Dick Forrest had been right when he told his guardians that his mind was acid and would bite into the books. Never was there such an education, and he directed it himself – but not without advice. He had learned the trick of hiring brains from his father and from John Chisum of the Jingle-bob. He had learned to sit silent and to think while cow men talked long about the campfire and the chuck wagon. And, by virtue of name and place, he sought and obtained interviews with professors and college presidents and practical men of affairs; and he listened to their talk through many hours, scarcely speaking, rarely asking a question, merely listening to the best they had to offer, content to receive from several such hours one idea, one fact, that would help him to decide what sort of an education he would go in for and how.

Then came the engaging of coaches.

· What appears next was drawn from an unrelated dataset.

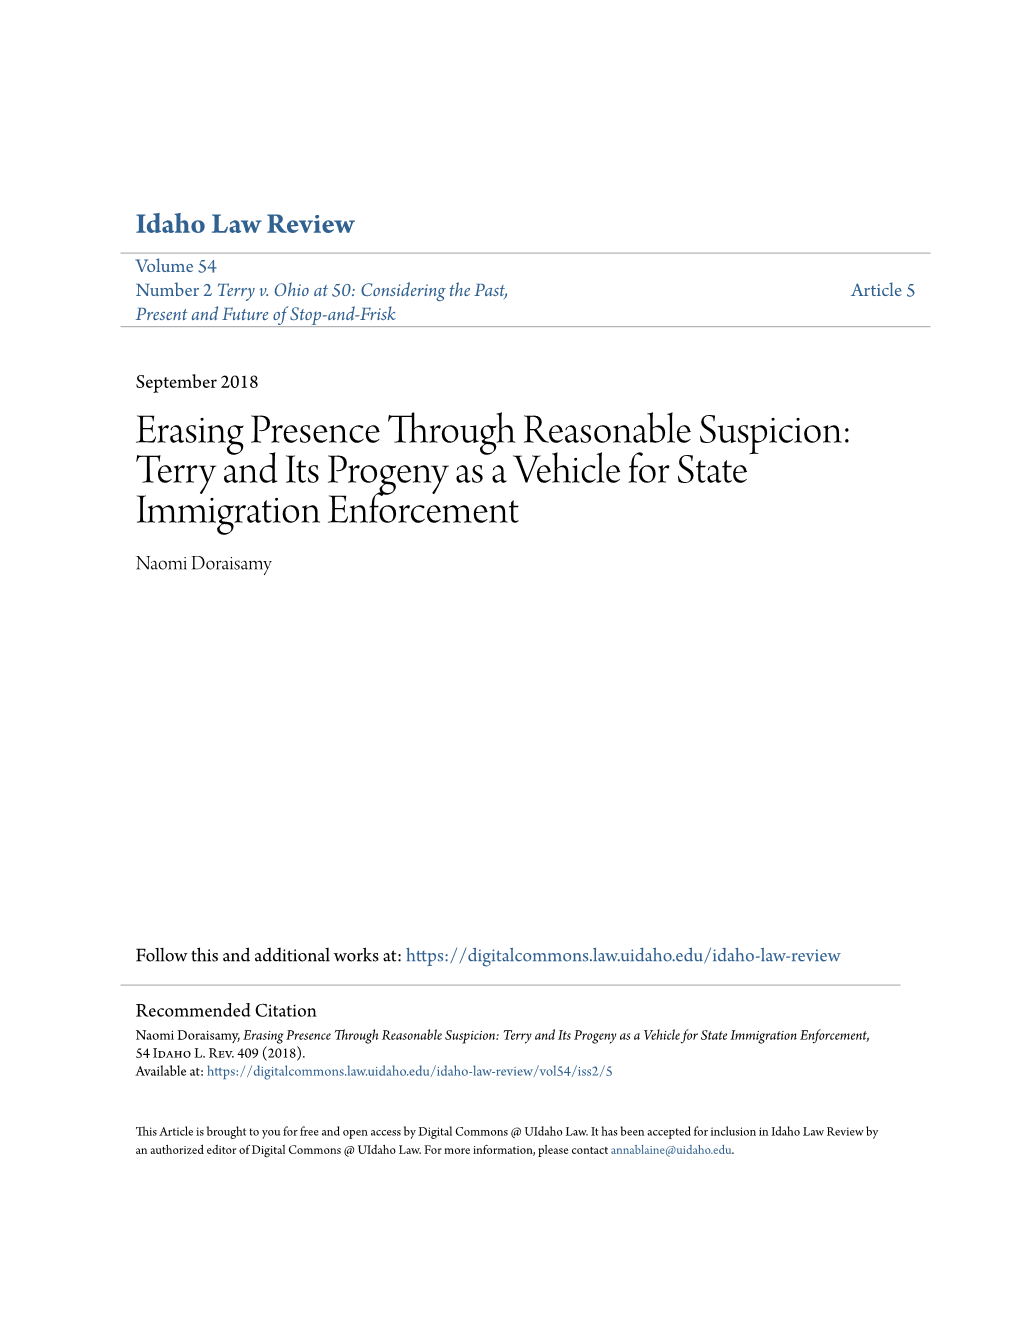 Erasing Presence Through Reasonable Suspicion: Terry and Its Progeny As a Vehicle for State Immigration Enforcement Naomi Doraisamy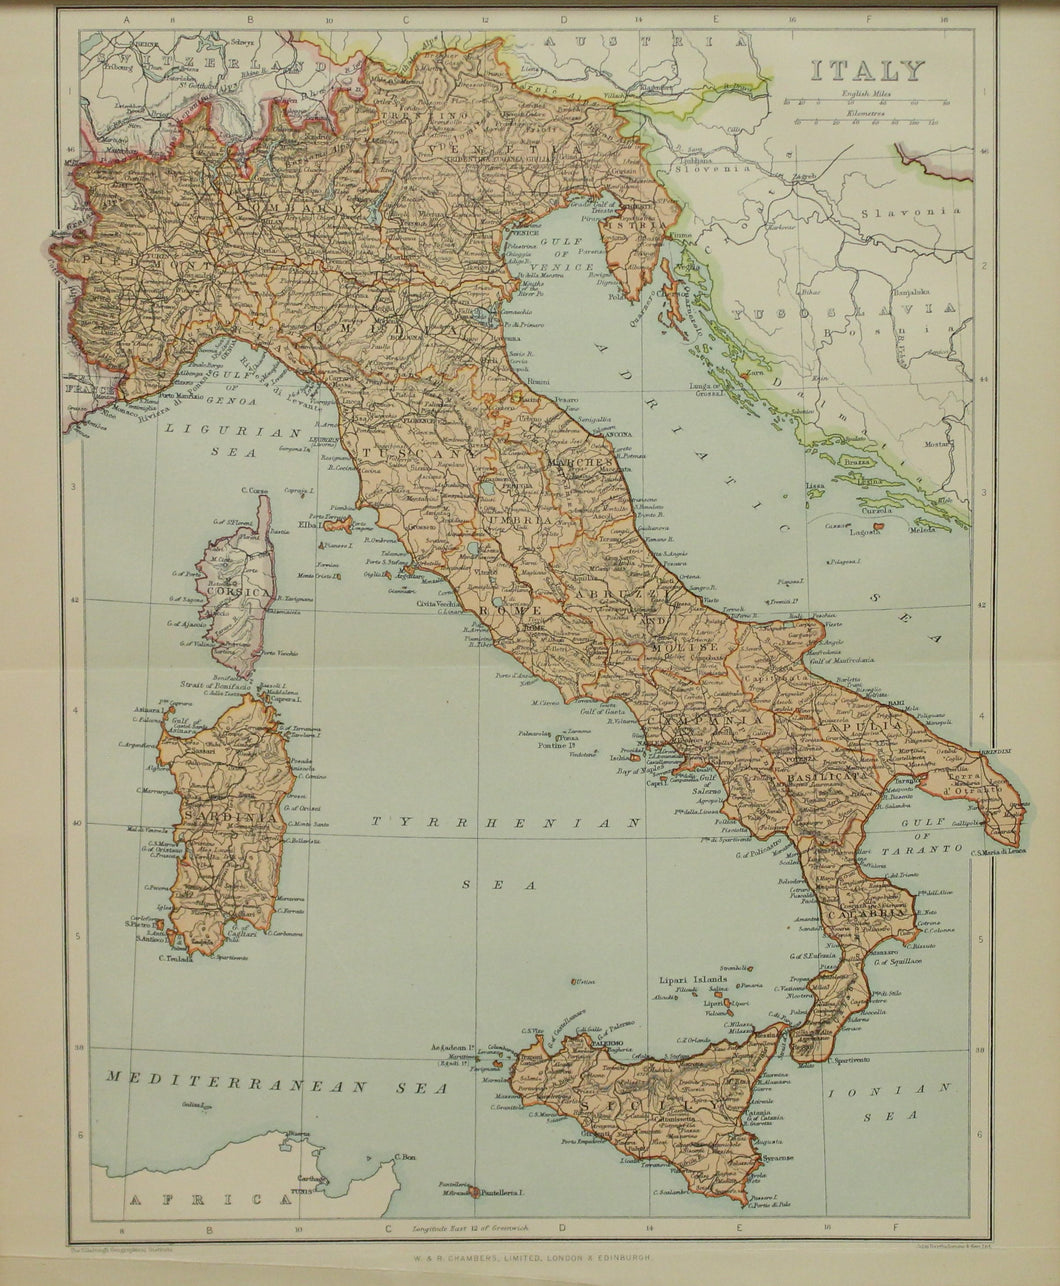 Map, Italy, The Edinburgh Geographical Institute, John Bartholomew and Sons Ltd,  W & R Chambers,

Never was there such an engaging and discharging, such a hiring and firing[105 - such a hiring and firing – (разг.) такие назначения и увольнения]. He was not frugal in the matter. For one that he retained a month, or three months, he discharged a dozen on the first day, or the first week. And invariably he paid such dischargees a full month although their attempts to teach him might not have consumed an hour. He did such things fairly and grandly, because he could afford to be fair and grand.

He, who had eaten the leavings from firemen’s pails in round-houses and “scoffed” mulligan-stews at water-tanks, had learned thoroughly the worth of money. He bought the best with the sure knowledge that it was the cheapest. A year of high school physics and a year of high school chemistry were necessary to enter the university. When he had crammed his algebra and geometry, he sought out the heads of the physics and chemistry departments in the University of California. Professor Carey laughed at him… at the first.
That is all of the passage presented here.